- Court: Court of Appeal of New Zealand
- Full case name: Michael Brown & Adrienne Ida Brown v The Chairman, Councillors and Inhabitants of Heathcote County (First Defendant), The Christchurch Drainage Board (Second Defendant)
- Decided: 19 June 1986
- Citation: 1986 1 NZLR 76
- Transcript: http://www.bailii.org/uk/cases/UKPC/1987/1987_28.pdf

Court membership
- Judges sitting: Cooke P, Richardson J, Richmond J

Keywords
- negligence

= Brown v Heathcote County Council =

Brown v Heathcote County Council [1986] 1 NZLR 76 is a cited case in New Zealand regarding council liability for negligent inspection.

==Background==
The Browns planned to build a new house on the family orchard, on the banks of the Heathcote River.
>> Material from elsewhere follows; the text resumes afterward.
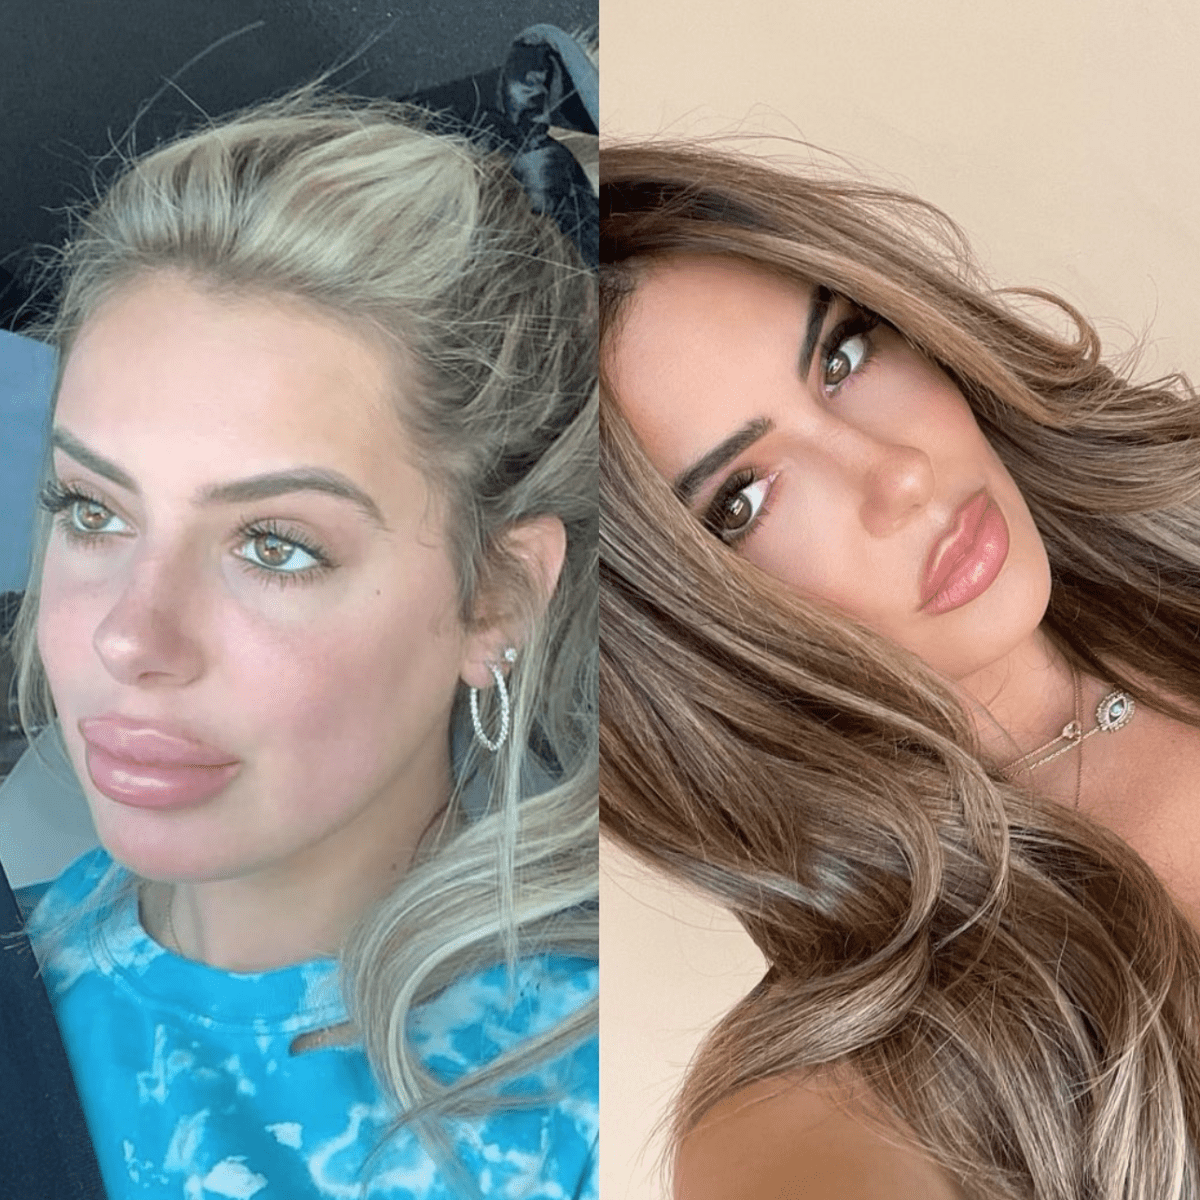 Brielle Biermann shares before and after photos of lip injection correction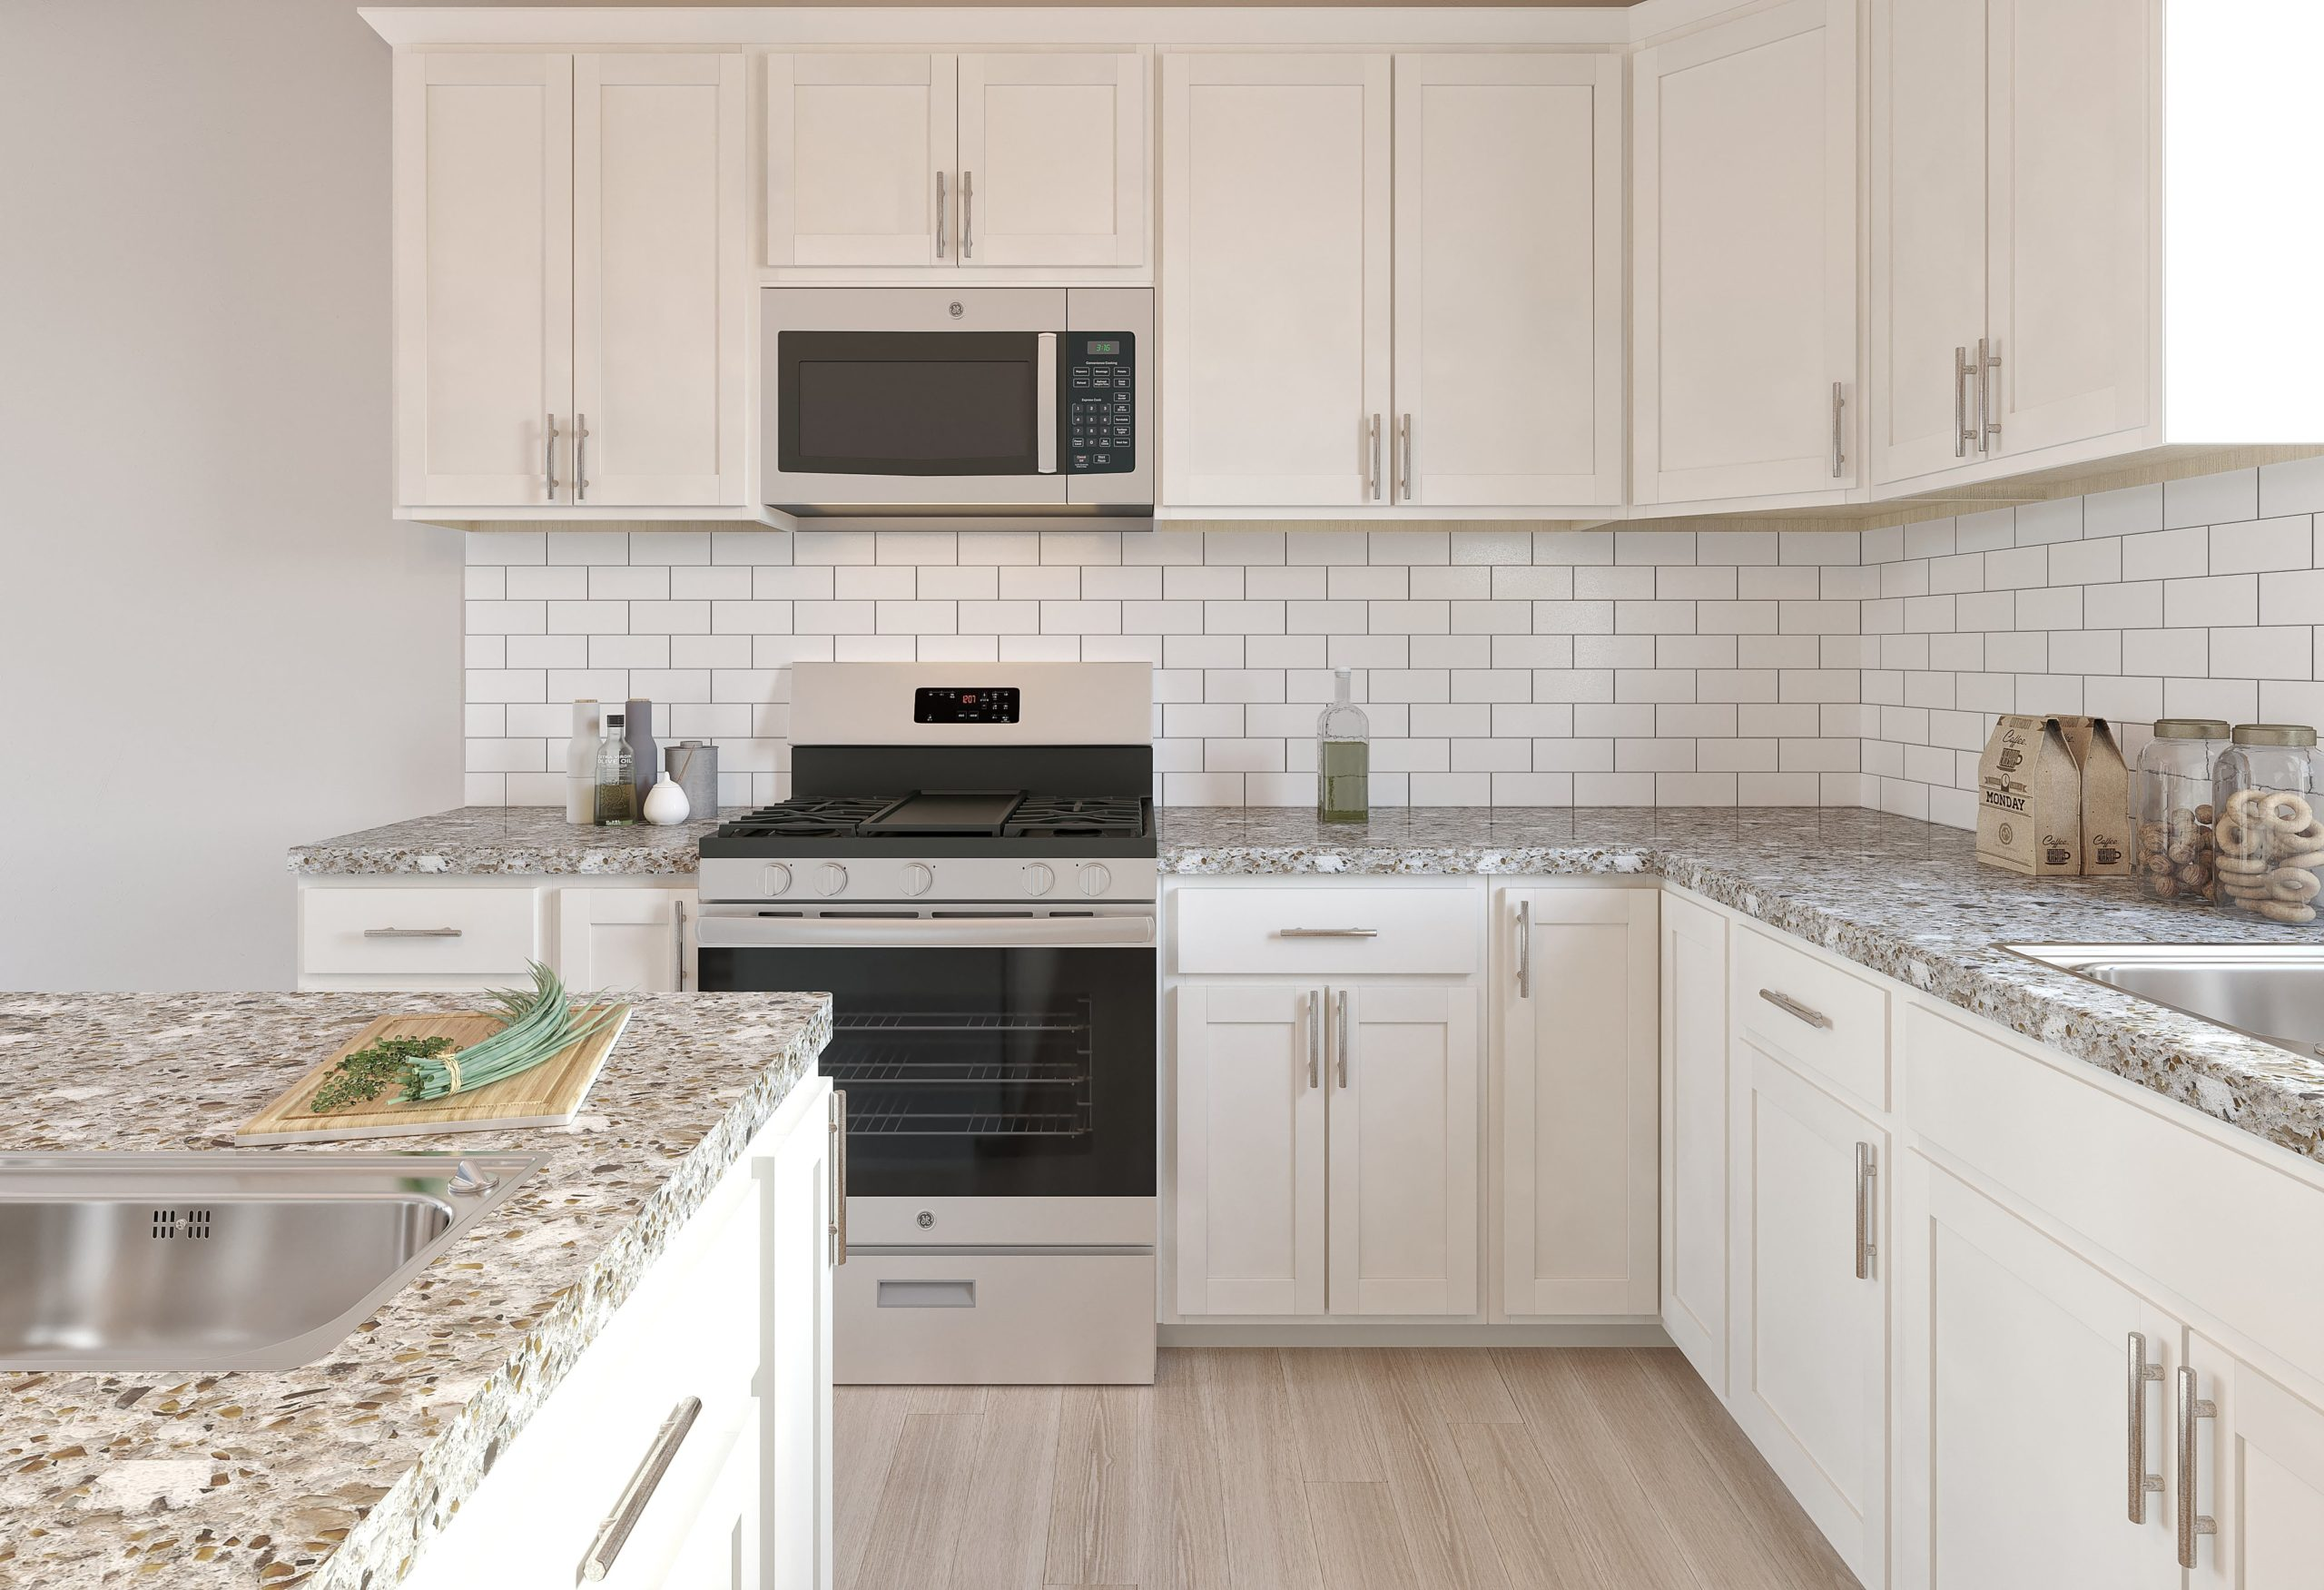 How To Select A Kitchen Cabinet Baskets Supplier

This river had a history of flooding, and the local council sought advice from the Christchurch Drainage Board about the suitability of the proposed building site, and they advised that elevating the building site by 9 inches would be adequate flood protection, and the council duly issued a building consent, subject to this condition.

The House was built and completed in 1974. However, the site was flooded in 1975, 1976 and 1977 and as a result of these repeated floodings, the Browns raised the elevation of the house by 6 feet, at the cost of $30,000.

After the council and the drainage board refused to reimburse them the $30,000, the Browns sued them in tort, winning damages in the High Court of $32,900.

==Held==
The Court of Appeal ruled that the council was liable. This decision was later affirmed by the Privy Council.

Footnote: The Court of Appeal decided Brown v Heathcote County Council on the same day as Craig v East Coast Bays City Council and Stieller v Porirua City Council, which also involved negligent council building inspections.